Profesionales e investigadores nos maravillamos por el alcance que tenía y tiene Google sin haberse anunciado. Era lógica esta reacción de admiración ante tal despliegue comunicativo. Sin embargo, nuestra visión era errónea. Google sí se publicita. Lo hace en su página, una de las más visitadas en todos los países del mundo.

Se sabía que los medios son marcas, pero es que las marcas son también medios. Por ahora se emplean de forma predominante como soporte para anunciarse, como ocurre con las latas de refrescos, la pasta dentífrica o los vehículos monovolumen [minivan]. No obstante, están cerrando acuerdos entre sí para compartir audiencias: servicios para dispositivos móviles que alojan contenidos de firmas de corporaciones ajenas porque generan tráfico, periódicos que recomiendan producciones audiovisuales aunque no sean originarias de empresas de su grupo. Algunas informaciones de la web consiguen un impacto en la audiencia. Otras, quizá las mejores, propician que gracias a ellas su público tenga una experiencia. Su efecto no es el del impacto: ruidoso pero efímero. Los usuarios se involucran en ellas por su profundidad. Los impactos se pueden contabilizar; en cambio, es difícil medir las experiencias. La preocupación por evaluar numéricamente cualquier aspecto de la realidad ha contagiado al periodismo. 

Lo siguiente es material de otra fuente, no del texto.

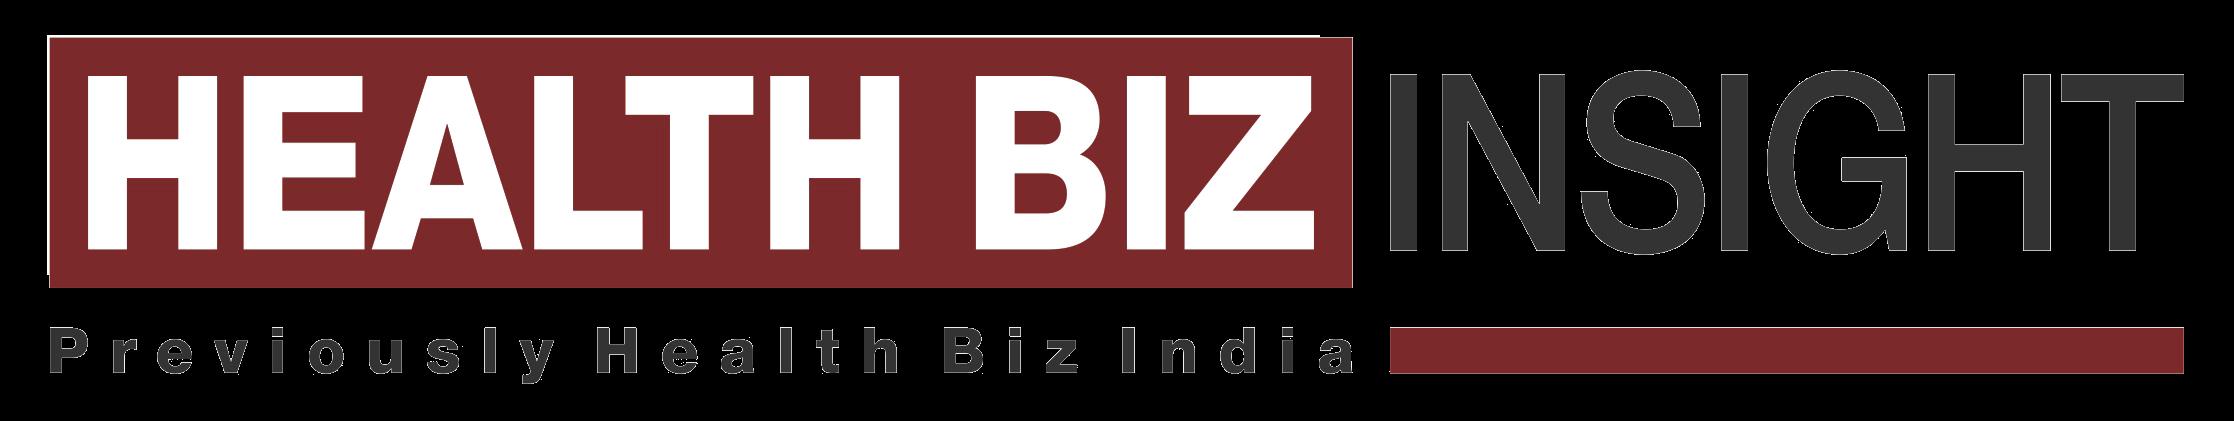 HealthBizInsight - Media Partner for InnoHEALTH 2018

Esa obsesión es tan pertinaz que muchos medios menosprecian lo que no se puede calibrar. Para ellos es invisible. Sin embargo, el periodismo está repleto de elementos invisibles e intangibles: la singularidad, la poética, la belleza… Sea como fuere, los periodistas –y aun más nuestros jefes y sus asesores– estamos horas y horas jerarquizando al público según criterios como la edad, el lugar de residencia, el nivel de estudios, la escala social, entre otras características. Las cifras connotan utilidad. Con ellas se pueden diseñar gráficos y nutrir tablas y estadísticas. La pena es que estas investigaciones cuantitativas no nos valgan para saber con qué actitud se mueven por la vida nuestros seguidores.

Hay quien entiende la creatividad como el ingenio extraordinario que permite rejuvenecer relatos viejos con maquillaje y otros cosméticos periodísticos. O como la habilidad excepcional de romper la barrera de la indiferencia o la saturación que nos aparta a los medios de los consumidores. La creatividad, que en parte es eso, también es mucho más. Funciona como un componente primordial en la conformación de los artefactos informativos contemporáneos. En el máster de reporterismo que dirijo en la Universitat Ramon Llull (Barcelona) en colaboración con el Grupo Godó, les repetimos a las sucesivas promociones de alumnos que la innovación no es un complemento aconsejable, sino un ingrediente imprescindible de las piezas periodísticas del presente. Es lícito empezar por atraer así a la audiencia para, a continuación, proporcionarle novedades de interés público convenientemente elaboradas, con rigor, honradez y ética. Podemos encontrar audiencia aunque esta no nos haya buscado y, al final, sorprenderle agradablemente superando sus expectativas.